Now that we have identified all true pallial divisions and their possible mode of development, we can perform a topological analysis of the zebrafish pallium. We propose a new developmental model of the teleostean pallial eversion (fig. 7A) characterized by three main morphogenetic processes. First, the posterior (Dp) zone is the result of a radial migration across the entire pallium (fig. 7A1) as previously suggested (Wullimann and Mueller, 2004). Second, the central (Dc) zone including its proliferative matrix invaginates during development (fig. 7A2). Third, the lateral (Dl) zone subsequently overgrows the central (Dc) zone in a medially oriented protrusion (fig. 7A4). According to our model, the dorsal (Dd) zone is not present in zebrafish, and might not be a histogenetic unit in other teleosts. The dorsal (Dd) zone in other teleosts may be, as the sulcus ypsiloniformis (Y) in zebrafish, a corollary of the morphogenetic movements during the complex eversion process.

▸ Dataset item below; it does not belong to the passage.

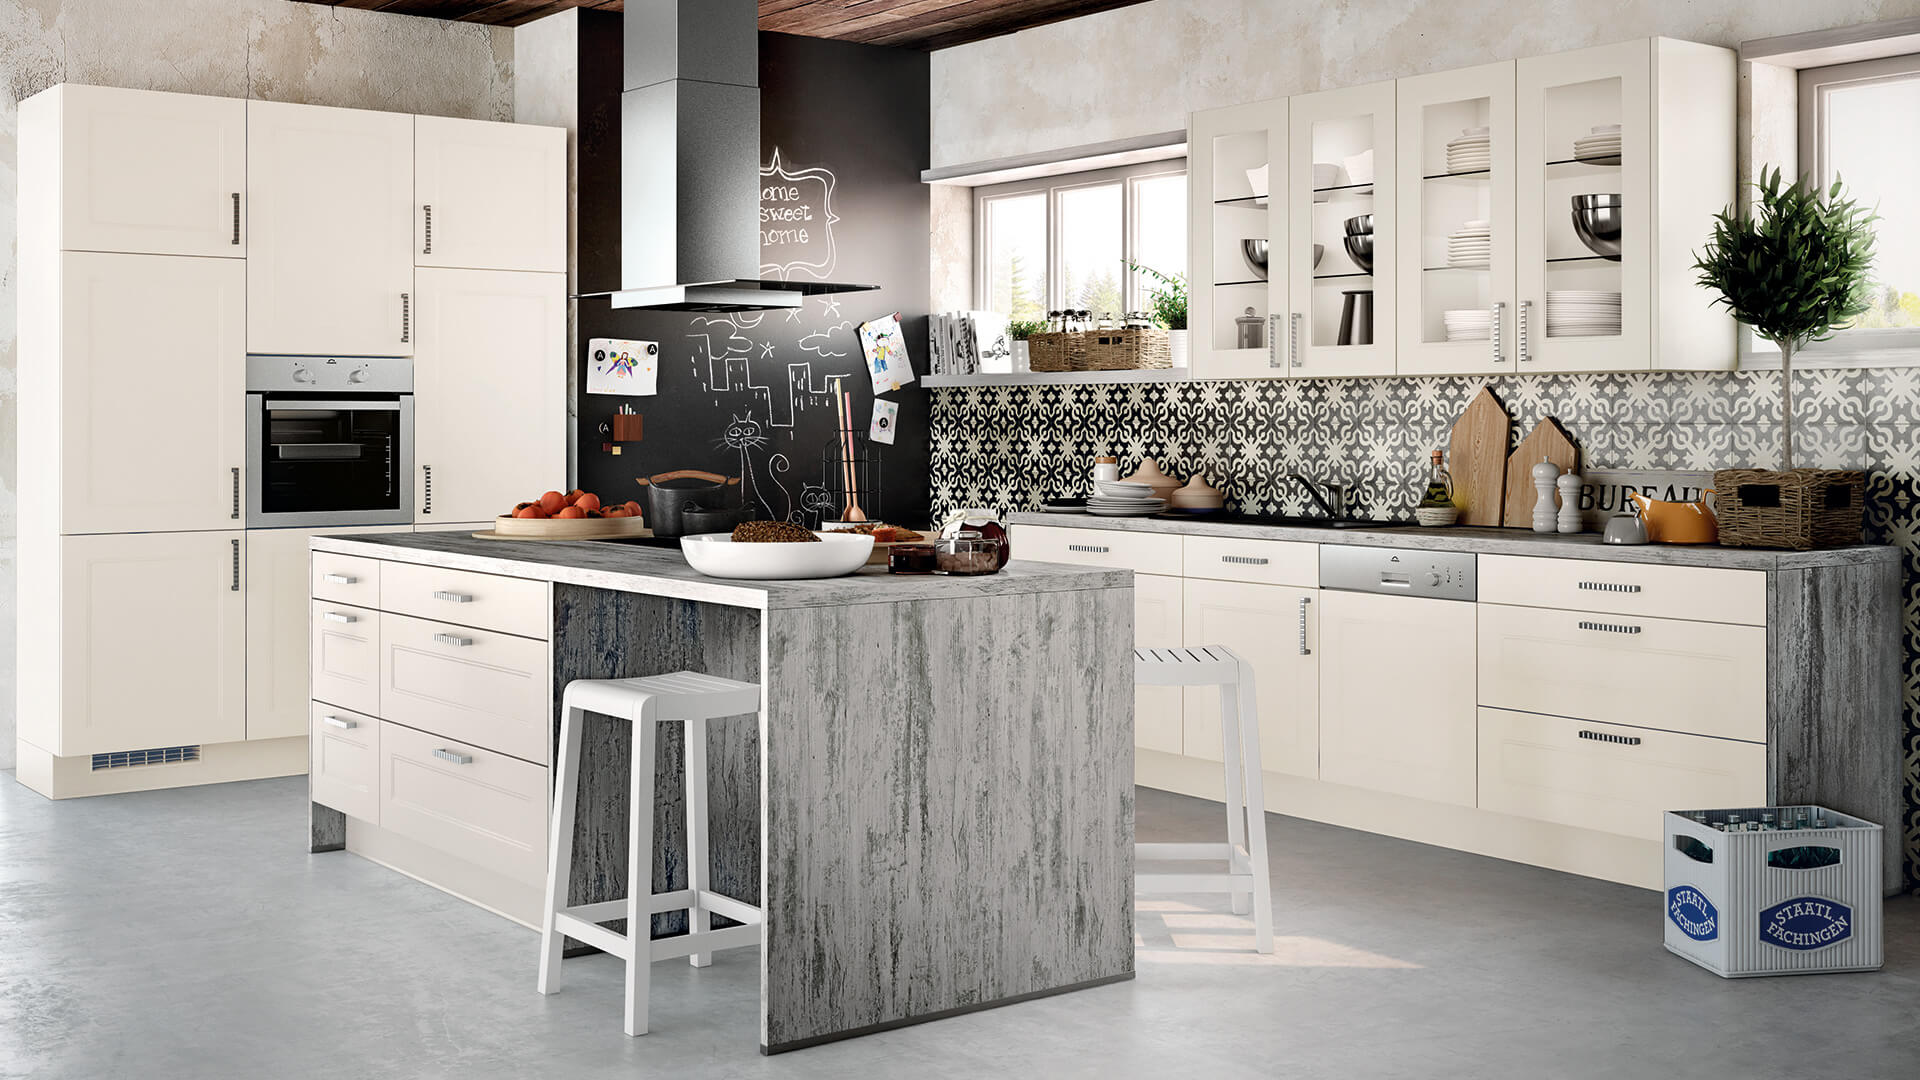 Full Size of Küche Zusammenstellen Günstig Küche Zusammenstellen Online Ikea Küche Zusammenstellen Outdoor Küche Zusammenstellen Küche Küche Zusammenstellen

If we now topologically compare the teleostean telencephalon with the mouse model (fig. 1; fig. 7A-C), we conclude that the medial (Dm) zone corresponds to the ventral pallium (VP), the posterior (Dp) zone to the lateral pallium (LP), the central (Dc) zone to the dorsal (pallium) and the lateral (Dl) zone to the medial pallium (MP).

3. Discussion

In this study, we identify in zebrafish the dorsal pallial division, which topologically corresponds to the dorsal pallium of other jawed vertebrates, including the isocortex of mammals. The teleostean dorsal pallial division has been overlooked because of its obscured development. For the first time, we establish the central (Dc) zone as a histogenetic unit, one that includes its own germinative field of origin in the dorsal proliferative matrix. We hypothesize, that Dc's location at the center is the result of an invagination process caused by the protruding medial (Dm) and lateral (Dl) zones during development (fig. 7A).

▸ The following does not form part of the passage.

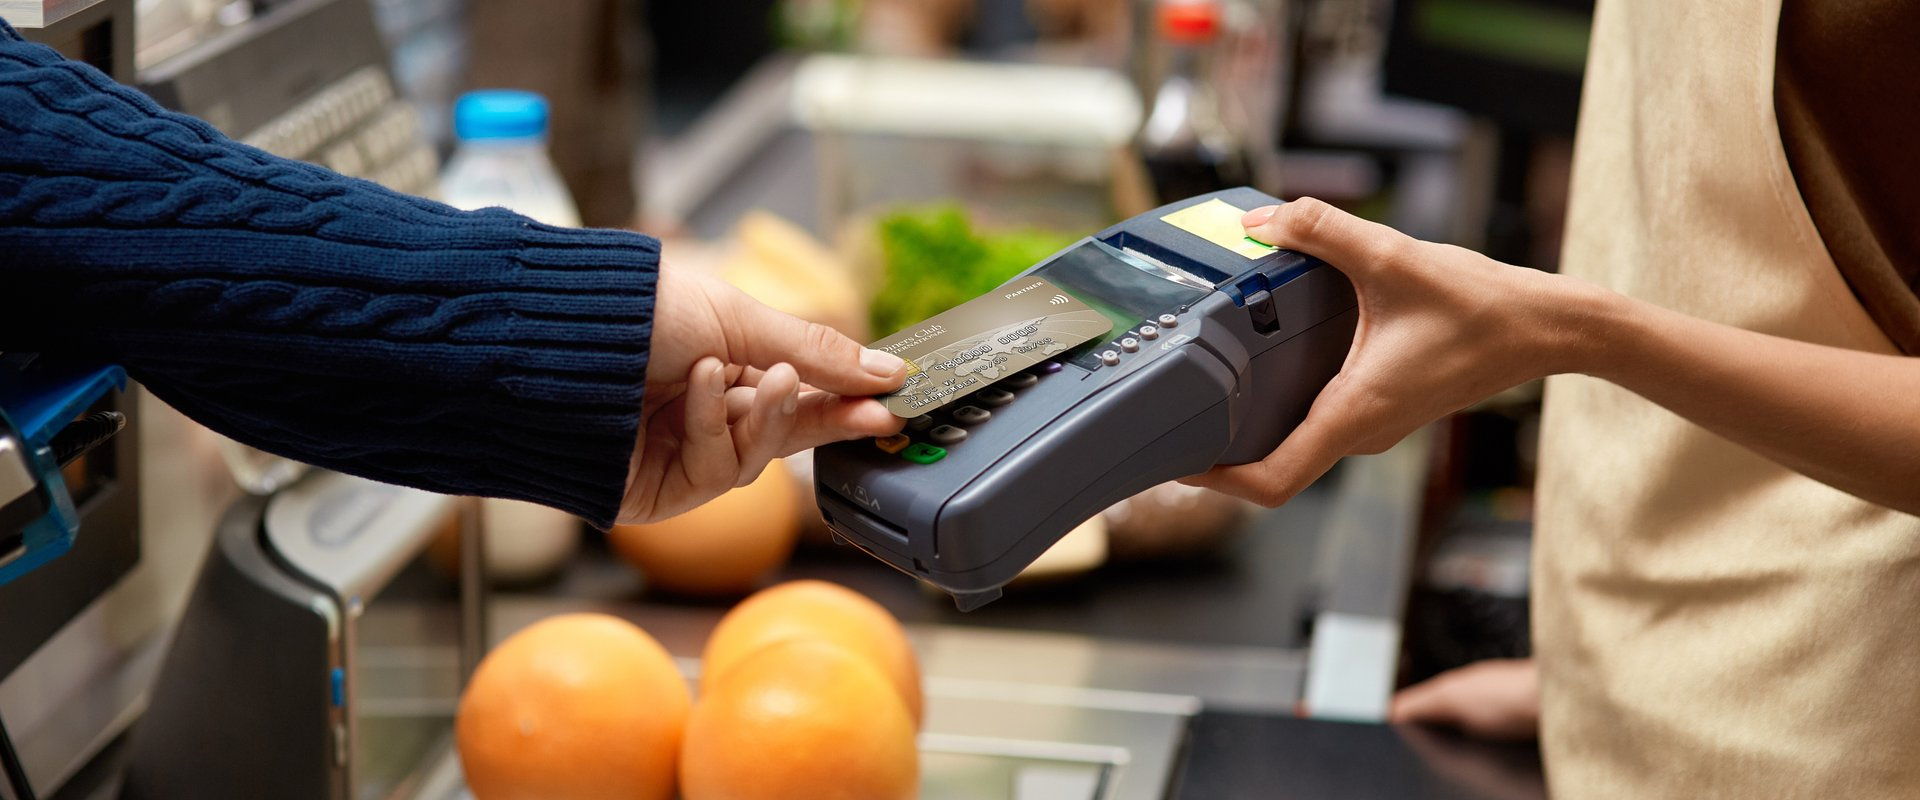 Diners Club Polska wprowadza bezpłatną kartę kredytową z atrakcyjnym oprocentowaniem - 5,76 proc. w skali roku

Until now, the central (Dc) zone of the zebrafish pallium has not been considered a true histogenetic unit. Instead, Dc has been treated as a deeper zone of the periventricular zones like the medial (Dm), the dorsal (Dd) and the lateral (Dl) zones (Northcutt, 2006; Northcutt, 2008: Nieuwenhuys, 2009). Similarly, Dc together with periventricular parts of Dd, and Dl has been discussed as a possible homologue of the dorsal pallium (Wullimann and Mueller, 2004). These assumptions, however, must be rejected as we clearly show that the central (Dc) zone is a true histogenetic unit and, thus, a distinct entity of the adult zebrafish brain.

Our interpretation of pallial divisions—appart from Dc and Dd— fundamentally agrees with current research. The medial Dm, lateral Dl, and the posterior Dp zones of the zebrafish pallium are established homologues of the pallial amygdala, hippocampus, and piriform cortex respectively (Braford, 1995; Northcutt, 2006; Portavella et al., 2002). In regard to Dl, we agree with the suggestion that the dorsal (Dld) and ventral (Dld) zones in other teleosts than zebrafish are subdivisions of the same histogenetic unit, i.e. the medial pallium (Northcutt, 2006).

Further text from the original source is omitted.